The demon waved his hand at Xander, who was showing signs of being pretty alert by this time. "Him."

"No," Xander protested, "We just *call* it our baby. I had nothing to do with it. Trust me, I would have remembered."

"Ah, but you did. In fact, you're affectionately known now by TPTB as 'the guy who screws up prophecies.' The child was to be born of the Slayer and the life-power of a god. Glory, to be exact. But you threw yourself into the mix, and the child now has your genetics, too. She'll still be a Slayer – probably an invincible one, with the whole god-power thing in the deal. But she won't be the Finality. She might be the one to carry it, but that would still be a long way off, and I'm not gonna worry about it now. I'd suggest you two don't, either. You're gonna have enough to do – soon." He looked at his watch. "REAL soon."

Another contraction seized my body, bringing tears to my eyes. So much for the Braxton-Hix theory. "Can I drive you to the hospital?" the demon asked us. "As long as that damn truck isn't stick-shift."

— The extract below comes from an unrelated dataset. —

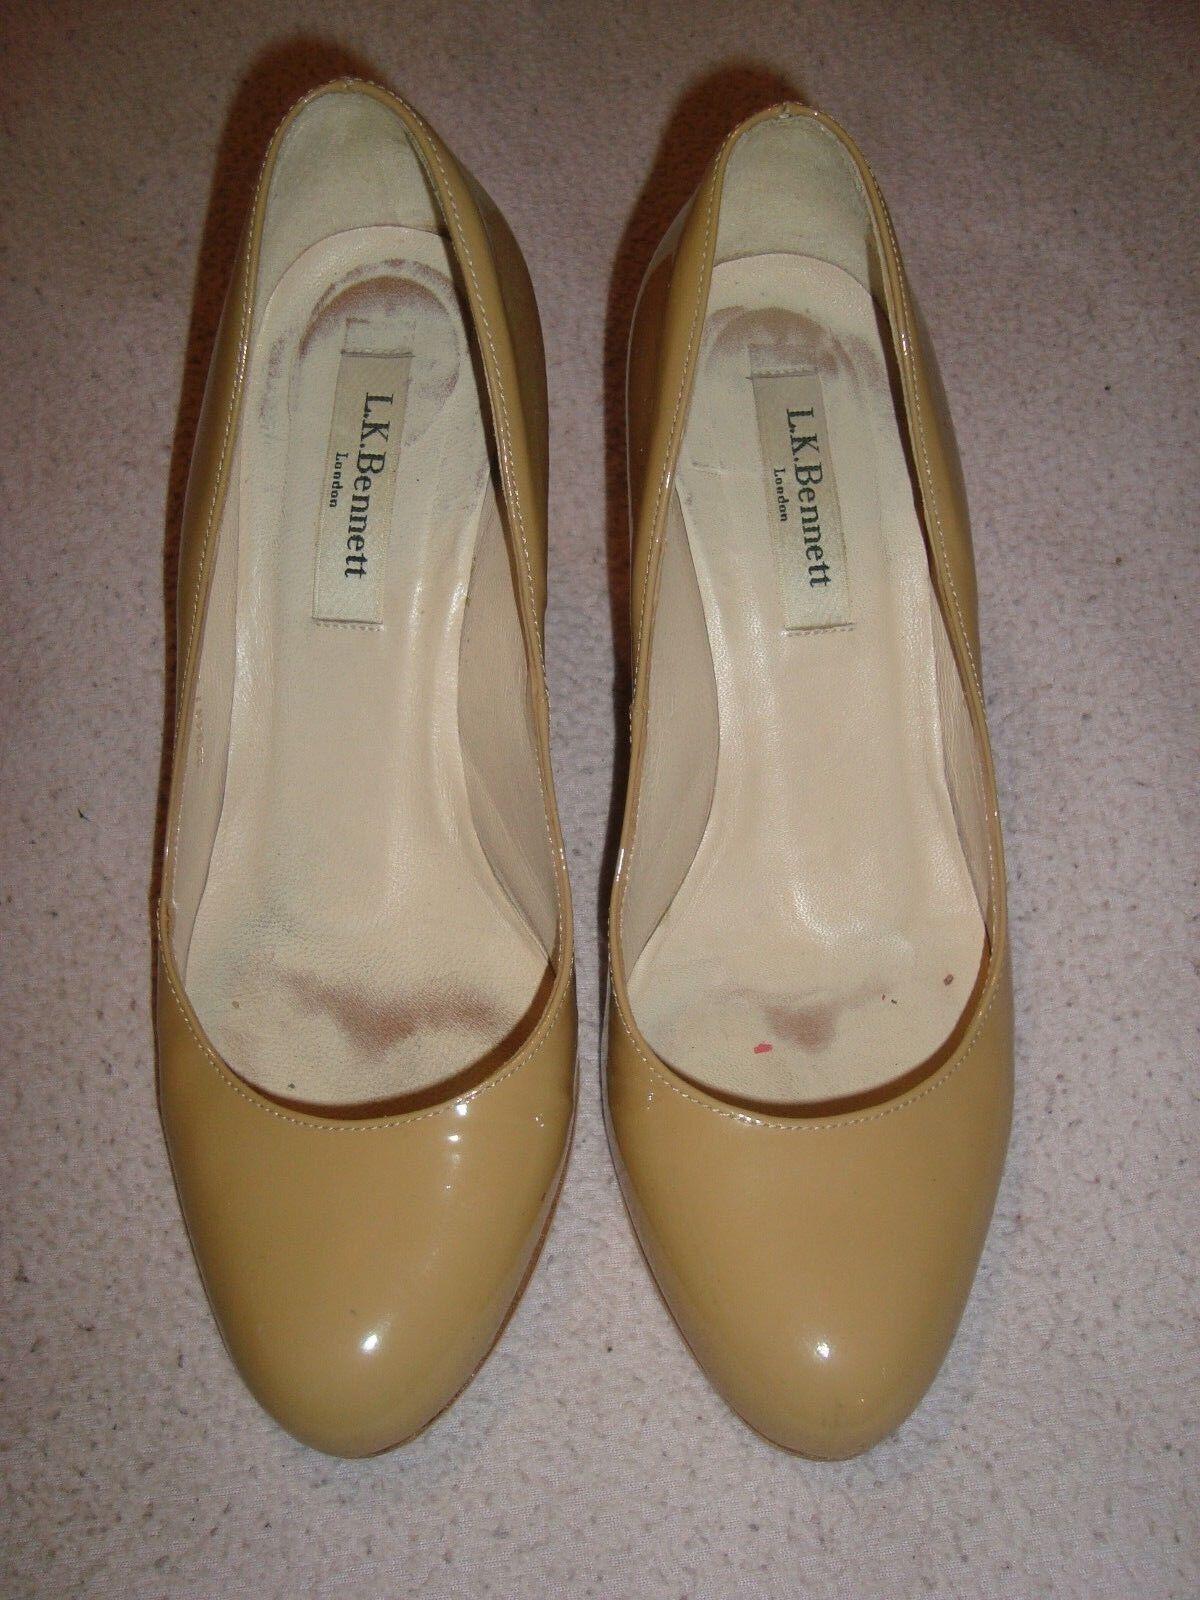 L.K.Bennett UK 3 EU 36 Beige Patent Leder Schuhes

Xander had that stunned look on his face again. "She really IS my baby," he was muttering. "Poor kid probably *does* have my nose." I fished the keys out of his pocket and tossed them to Whistler. "Rolla Medical Center," I said, helping the father of my baby to his feet. "Mine," he grinned, patting my belly.

~**~

Well, Xander and I make beautiful babies together. Now that her skin isn't so red and that funny shape her head had at first seems to be flattening out, she's perfectly gorgeous. He bought a disposable camera and has been running around here like a Japanese tourist, snapping pictures constantly. Actually, I think he must have bought a couple of those cameras. I'm pretty sure he's already used up all the pictures on the one I threatened to destroy in the delivery room, so this has to be a new one. I do kinda wish I had a shot of the color green he turned right after I delivered the placenta, though.

Next time, I plan to take drugs. Lots of them. Natural childbirth is highly overrated. Although I was glad I wasn't asleep when they put her into my arms for the first time. Her little eyes were all scrunched closed from the bright lights, and both Xand and I were amazed at those tiny little fingers. I can tell he's in love already. I'm just tired. Oh, and I'm in love, too. I'm just too tired to do much about it.

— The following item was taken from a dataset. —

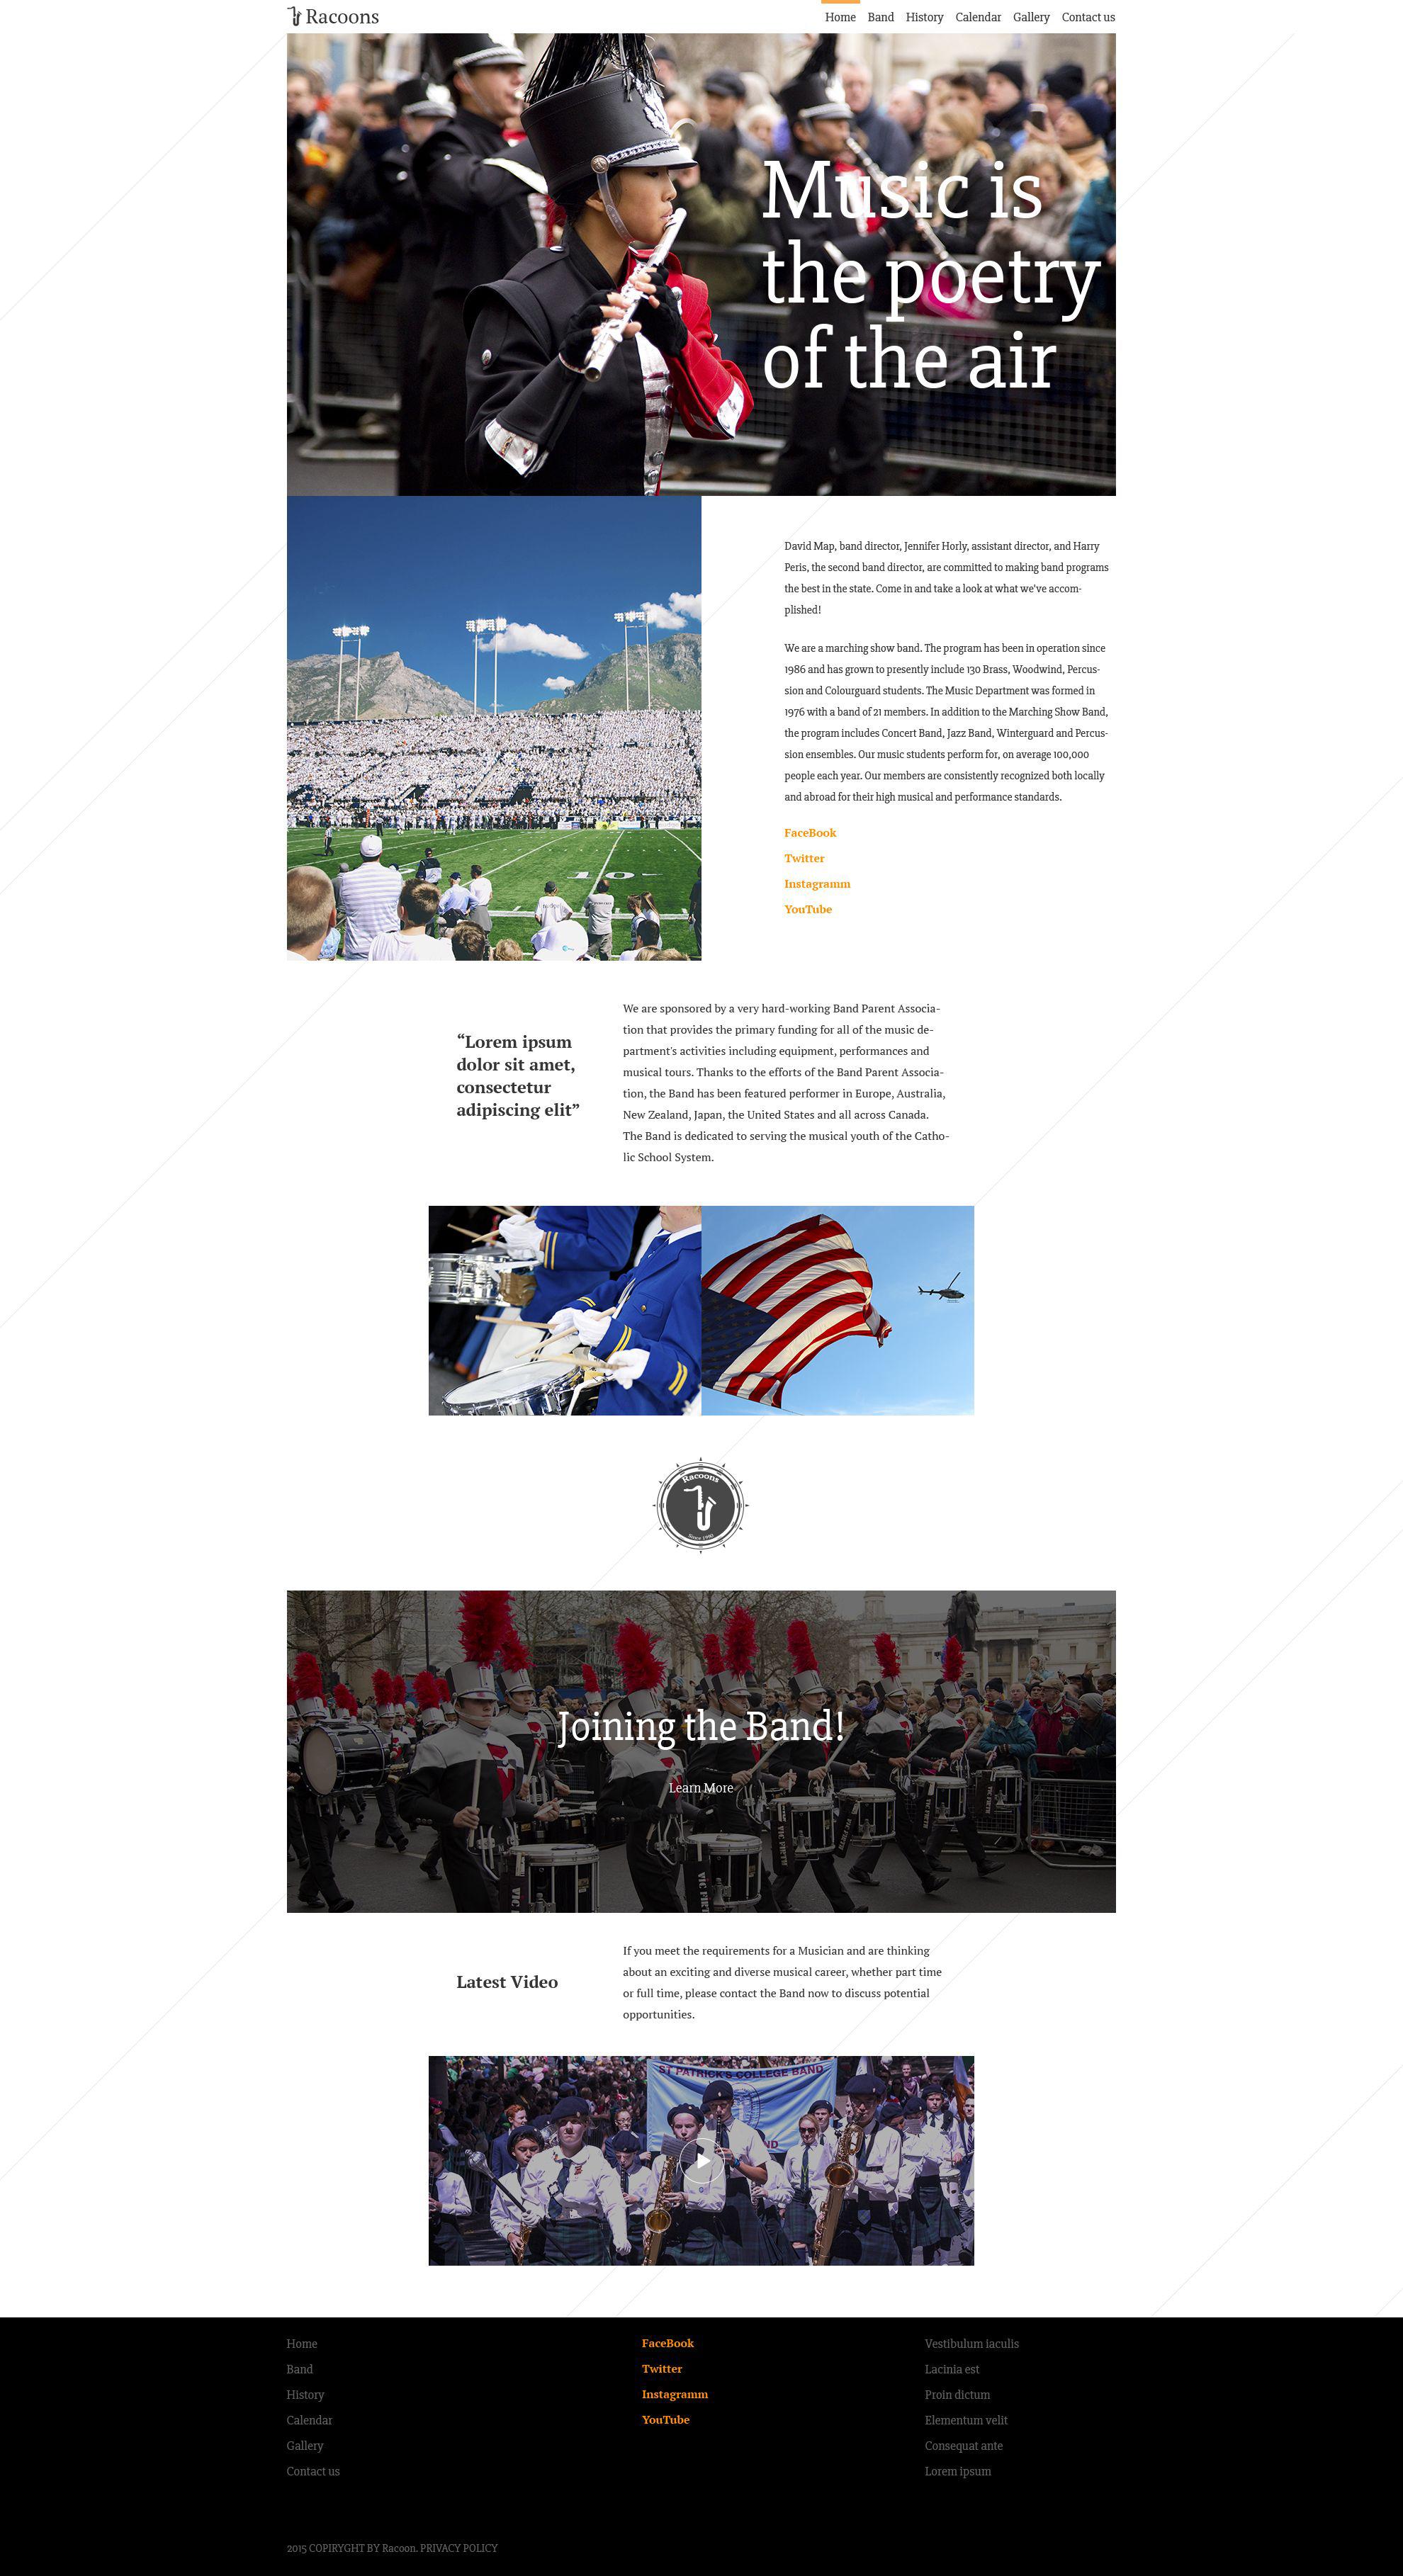 Racoons Website Template

Emily Elaine Harper. Eight pounds, 6 ounces. Twenty-one inches long. The most perfect baby ever. We'll have to name the next one after Willow. Unless of course it's a boy. Willow's a funny name for a boy. But once we get home, Willow will love her no matter what her name is, and I wanted to remember both of those women, Emily and Elaine. I don't want to forget my life here. Ever.

We've already decided there will be a next one. Maybe a couple more. And I've promised Xander he'll have a more active role in the conception next time, too. He didn't seem to object to that. The labor nurse was laughing at us, talking about the next one in the delivery room. She said most women are swearing he'll never touch her again. I couldn't very well say he hadn't really touched me *yet*, now could I?

I'm really tired. They're gonna let me sleep for a few hours before we have to leave. We do have insurance, but it only covers about half a day after delivery. Geez. I've already fed little Em, and the nurse has warned me to sleep whenever I could for the next couple of years or more, so I'll continue this later.

~**~

Home. I can't believe we're back. It's been a really long day.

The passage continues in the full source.